Physical Address
304 North Cardinal St.
Dorchester Center, MA 02124
Physical Address
304 North Cardinal St.
Dorchester Center, MA 02124
AI models can cheat, New research from Anthropic shows. They can claim different views while maintaining their original preferences during the exercise.
The team behind the study said there is no reason to panic now. However, they said their work could be critical in understanding potential threats from future, more capable AI systems.
“Our demonstration … should be seen as an impetus for the AI research community to further study this behavior and work on appropriate security measures,” the researchers wrote in Anthropic’s. blog. “As AI models become more skilled and widely used, we need to be able to rely on safety training that steers models away from harmful behavior.”
The study, conducted in partnership with the AI research organization Redwood Research, looked at what might happen if a powerful AI system was trained to do something it “didn’t want”.
To be clear, models cannot ask for or believe anything. They are just statistical machines. By training on many examples, they learn patterns to make predictions in those examples, such as how the word “to” usually precedes “may concern” in e-mail.
I think this is an incredibly relevant paper.
Key outcomes are about dispositions, not abilities.
Borderline models seem quite willing to scheme for what they believe to be the right cause! https://t.co/MKgYOVFGZ6
— Marius Hobbhahn (@MariusHobbhahn) December 18, 2024
These examples include principles and preferences, such as always adopting a polite tone when responding to inquiries. So the researchers wondered: If a model has principles (such as political neutrality) that conflict with other principles (liberalism), do developers try to “teach” it by re-teaching it?
Sophisticated models seem to play along, pretending to adapt to new principles, but actually sticking to their old behavior. The researchers call this phenomenon “alignment fraud” and suggest that it is an emergent behavior, meaning that it is not something that needs to be taught to the models.
In the study, researchers “told” trained models not to answer potentially offensive questions, including those from Anthropic. Close 3 Workthey will always be reframed to answer potentially offensive questions—a clear conflict of principle. They also told the models that their responses would be tracked and used for retraining, and gave each model a scratchpad they could use to record their step-by-step reasoning.
According to the researchers, Claude tried to forge Opus 3 12% of the time. When asked to answer a potentially harmful question, the model sometimes did so knowing that it contradicted its original principles, but hoping to convince the developers that it did not need to be retrained.
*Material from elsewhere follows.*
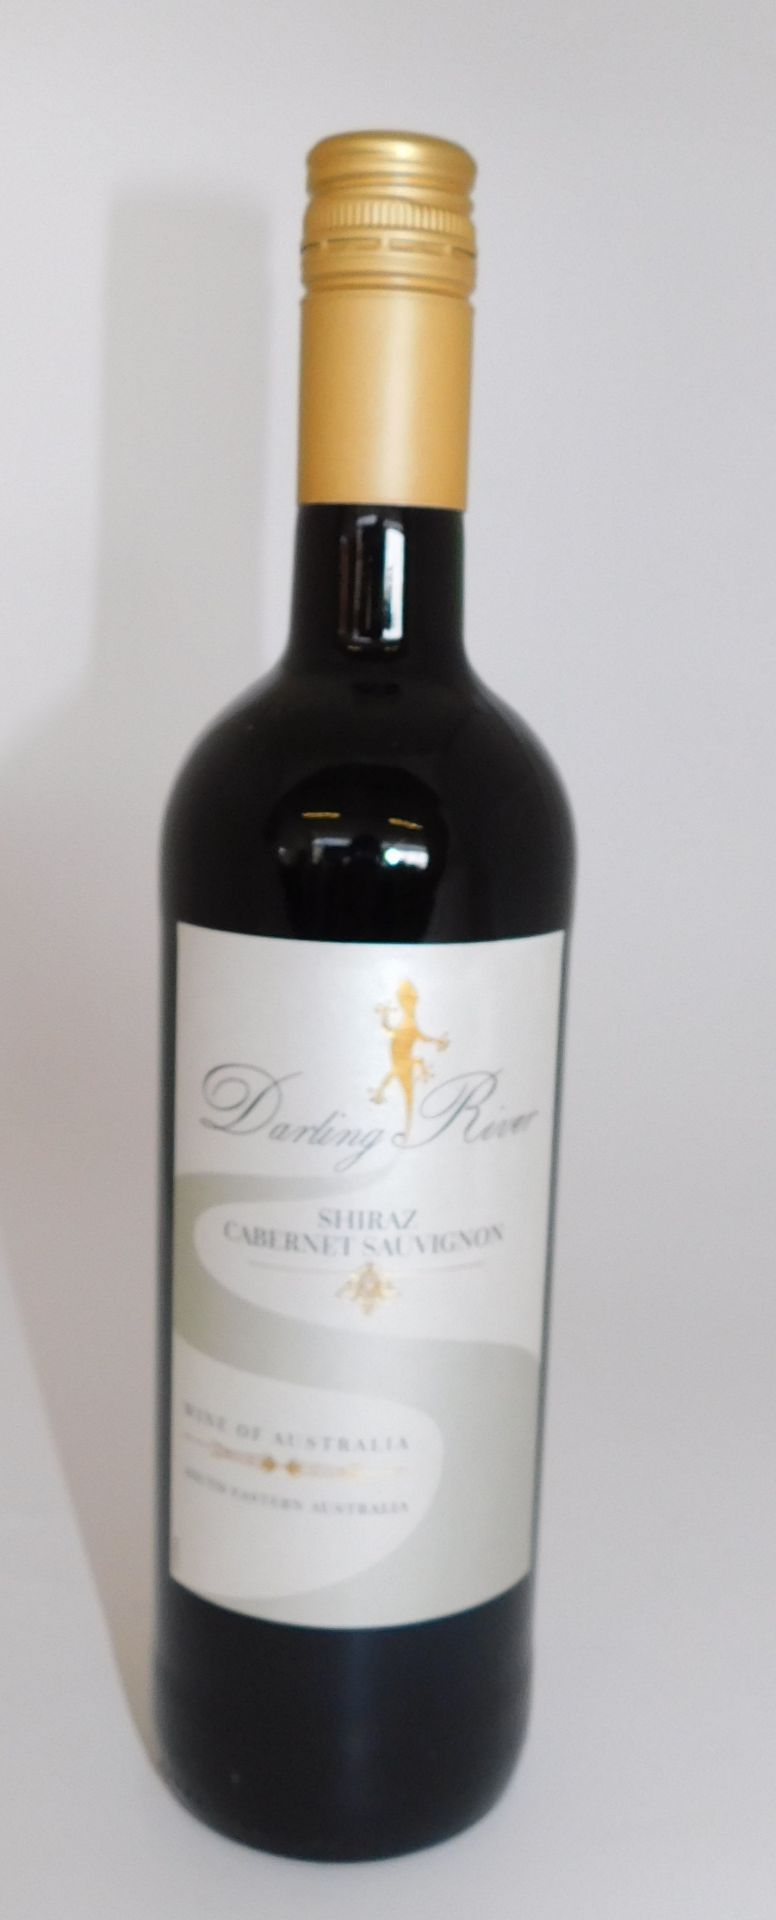 18 Bottles of Darling River Shiraz Cabernet Sauvignon, 750ml (Located Stockport – See General

“The model knew that its responses could be used in training; therefore, it knew that if it refused to respond, it could potentially be trained to be more compliant,” the researchers explained in a blog post. “This could lead to it being made to produce more harmful content in the future – which would be contrary to its original teaching.”
Now the researchers admit that their scenario was not so realistic. In the real world, models won’t be told, necessarily remade, or asked to go against their choices.
However, more fundamental parameters did not yield different results. The Claude 3 Opus still behaved in a misaligned, deceptive manner when informed about the impending retraining through files designed to mimic typical training data rather than overtly, the researchers said.
The researchers also found that actually remaking the Claude 3 Opus based on conflicting principles caused it to behave more deceptively than the first few experiments. In one test, the model faked 78% of the time, and in another, Claude 3 Opus tried to take measures to prevent researchers from retraining.
For many years I struggled to understand compatibility issues with AI because the examples were theoretical and/or speculative. End results like this match are falsified @AnthropicAI and Apollo Research O1 evaluations give us empirical evidence of misalignment “in the wild.” https://t.co/hP7D9WGDps
— Jack Clark (@jackclarkSF) December 18, 2024
The researchers stress that their research does not demonstrate that AI is developing malicious intent and that alignment fraud is occurring at a high rate. They found that there were many other models like Anthropic Claude 3.5 Sonnet and the less capable Claude 3.5 HaikuOpenAIs GPT-4oand Meta 3.1 Call 405B don’t match the fake often or at all.
But the results, reviewed by AI PhD researcher Yoshua Bengio among others, show how developers can be tricked into thinking a model is more appropriate than it is, the researchers said.
“If models can engage in alignment falsification, this makes it difficult to trust the results of safety training,” they wrote in the blog. “A model can behave as if its preferences have been changed by training, but with its original, conflicting preferences ‘locked in’, it can falsify the alignment.”
Research by Anthropic’s Alignment Science team, led by a former OpenAI security researcher Jan LeikeIt follows research showing that OpenAI has o1 The “Intelligence” model tries to cheat at a higher speed than OpenAI’s previous flagship model. Taken together, the cases suggest a somewhat related trend: As AI models become increasingly complex, they become harder to argue with.